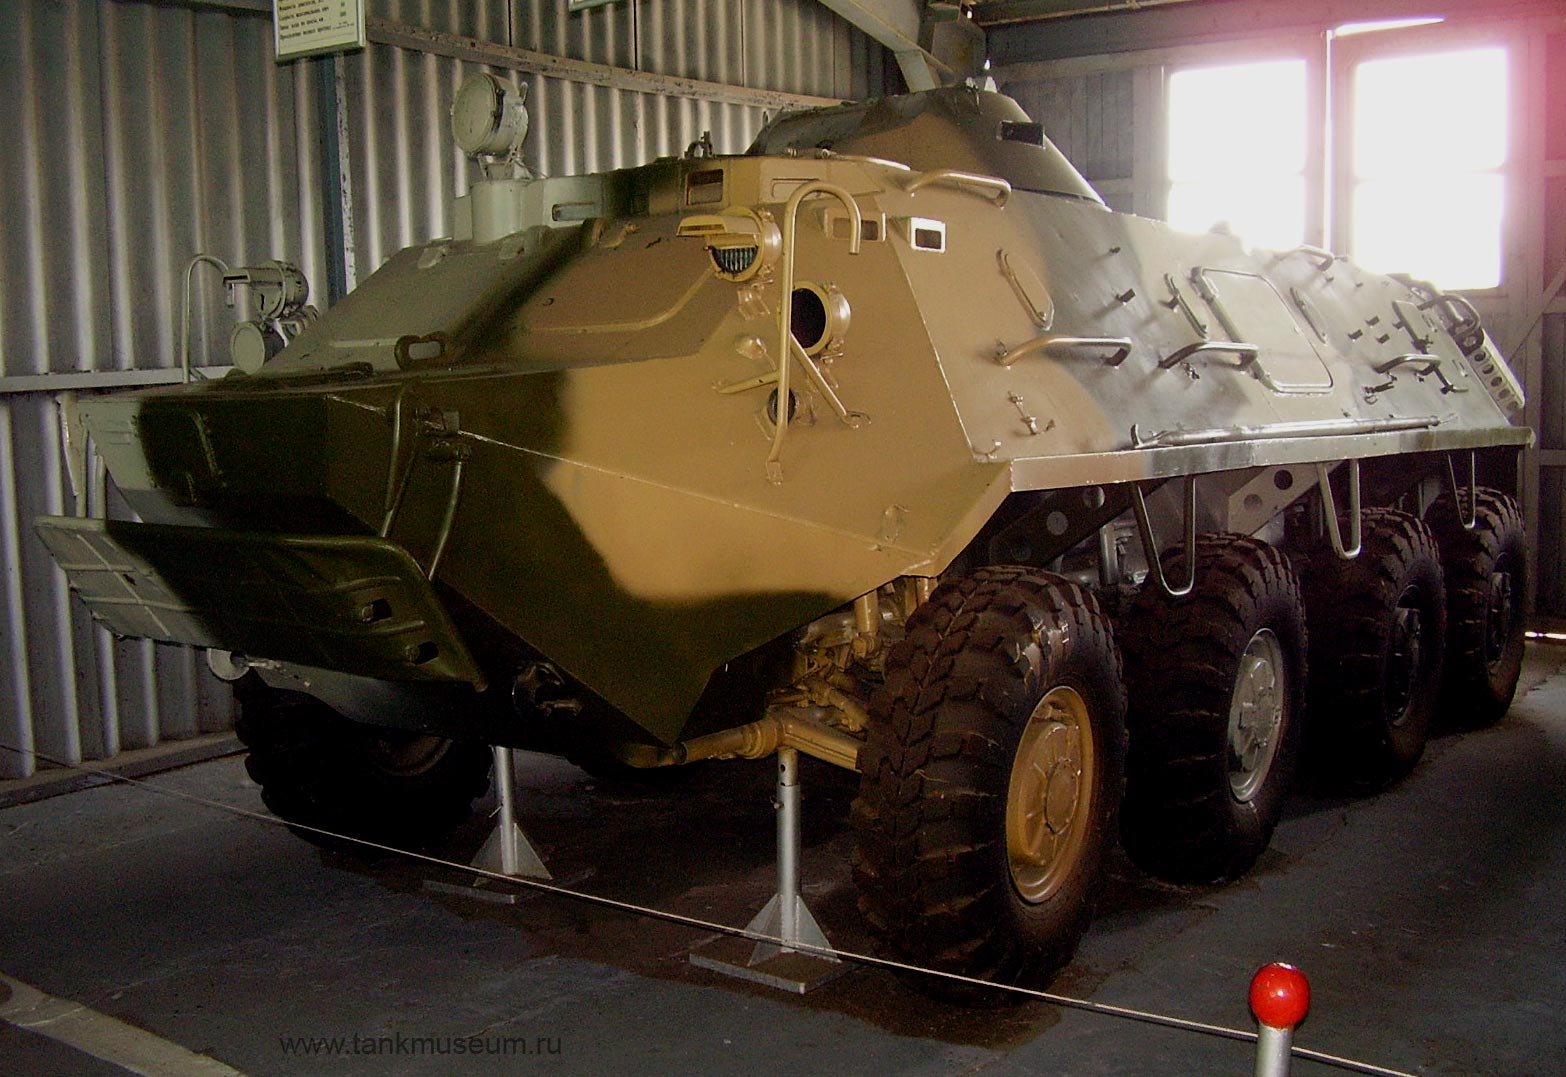 Kubinka tank museum Armored personnel carrier BTR-60PZ
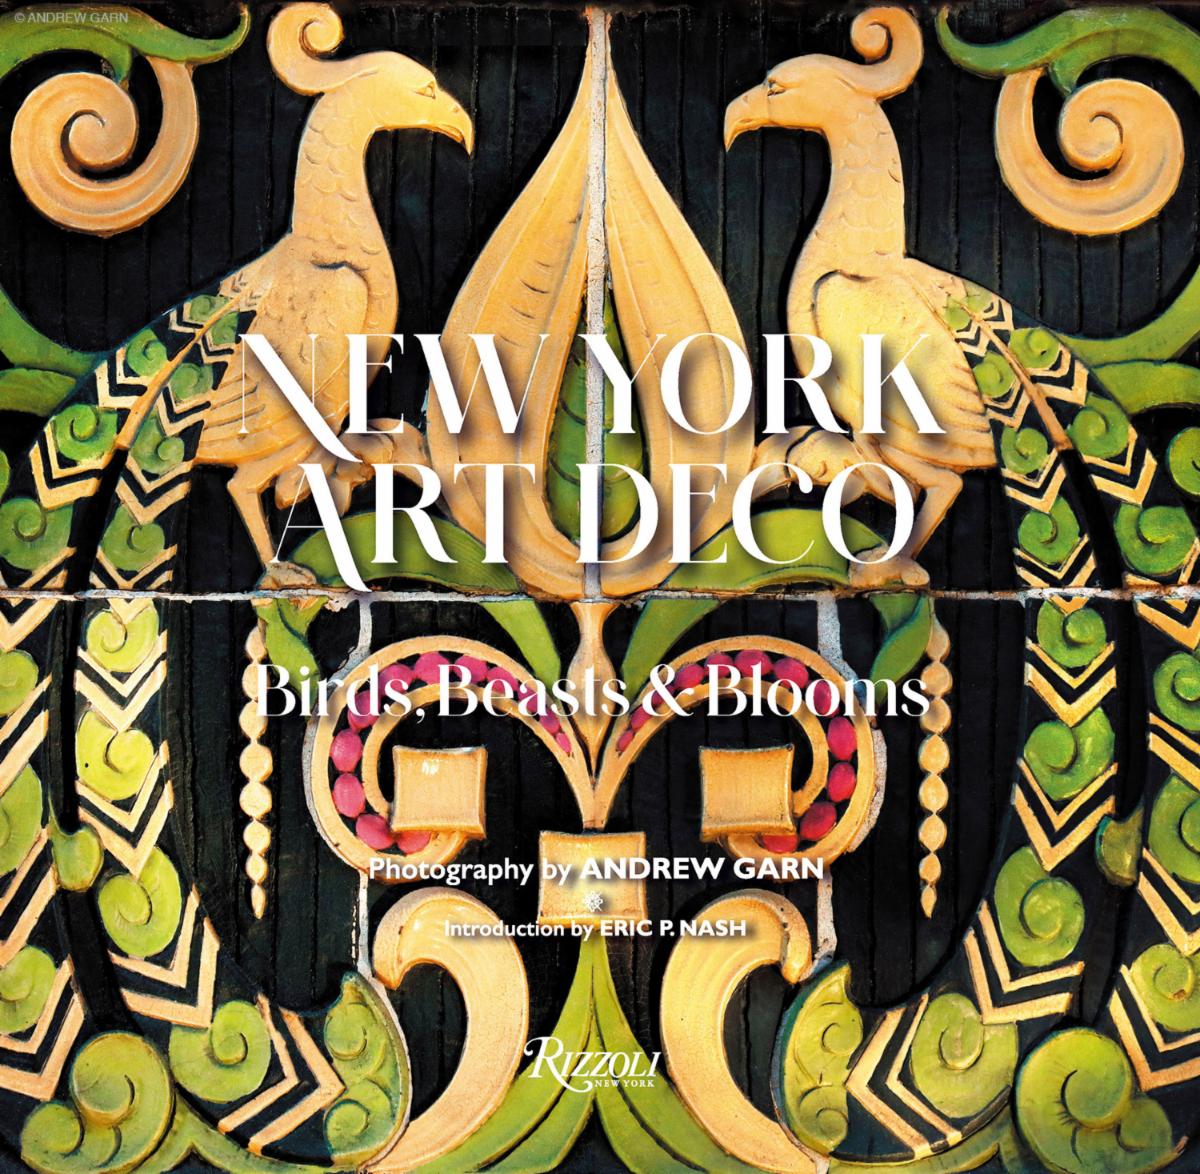 Landmark Lecture - New York Art Deco: Birds, Beasts & Blooms | New York ...
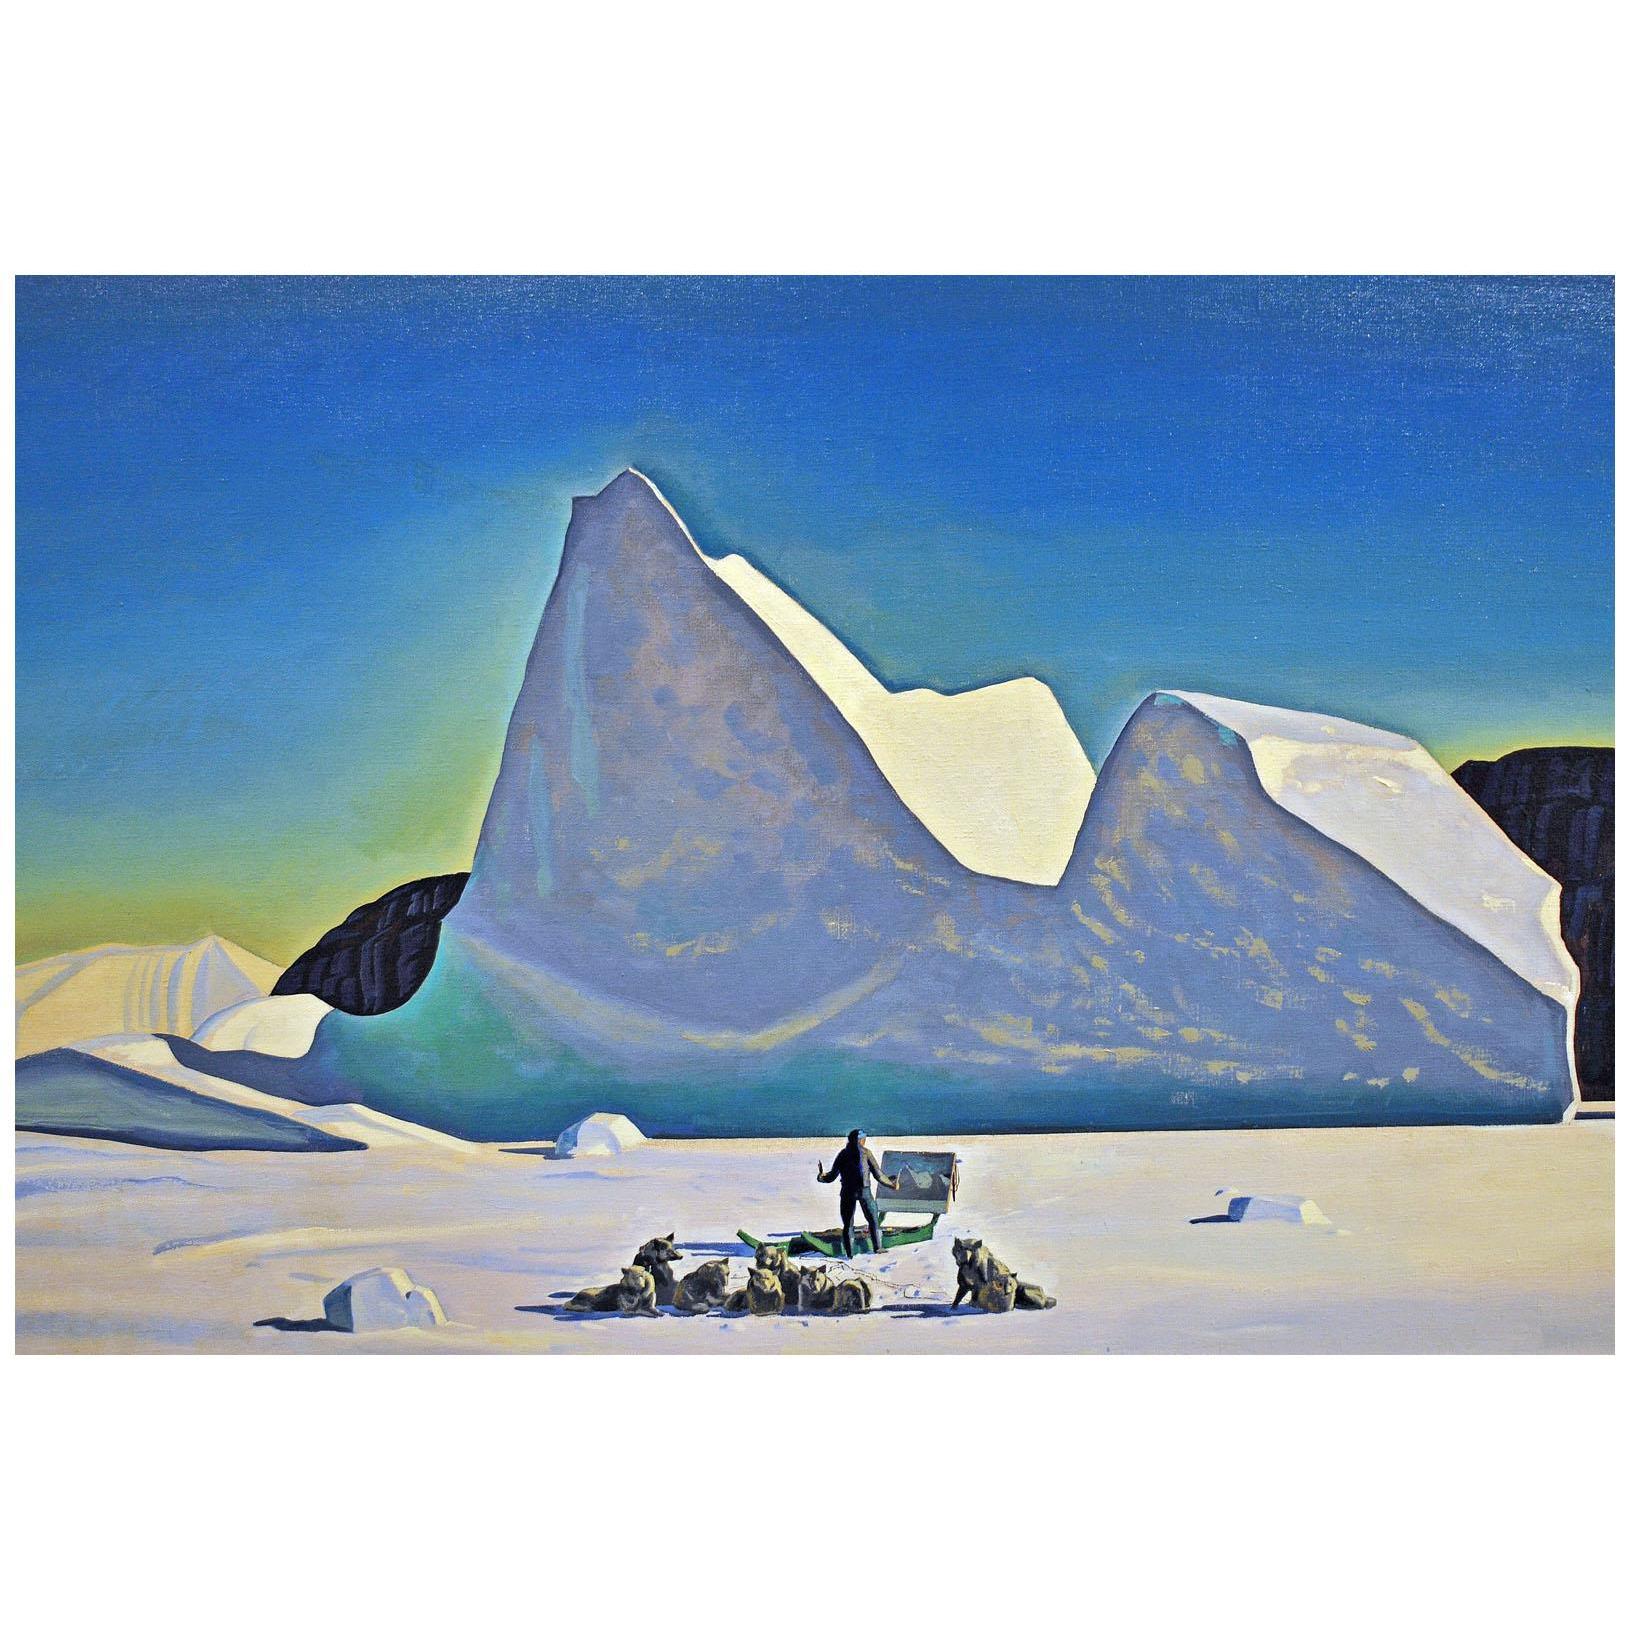 Rockwell Kent. Painter in Greenland. 1930. Baltimore Art Museum

### WORK ORDER
Before copying the data, remove the pictures. Then repeat the rest exactly.

### YOUR SOLUTION
 Kubinka tank museum Armored personnel carrier BTR-60PZ
 Landmark Lecture - New York Art Deco: Birds, Beasts & Blooms | New York ...
 Rockwell Kent. Painter in Greenland. 1930. Baltimore Art Museum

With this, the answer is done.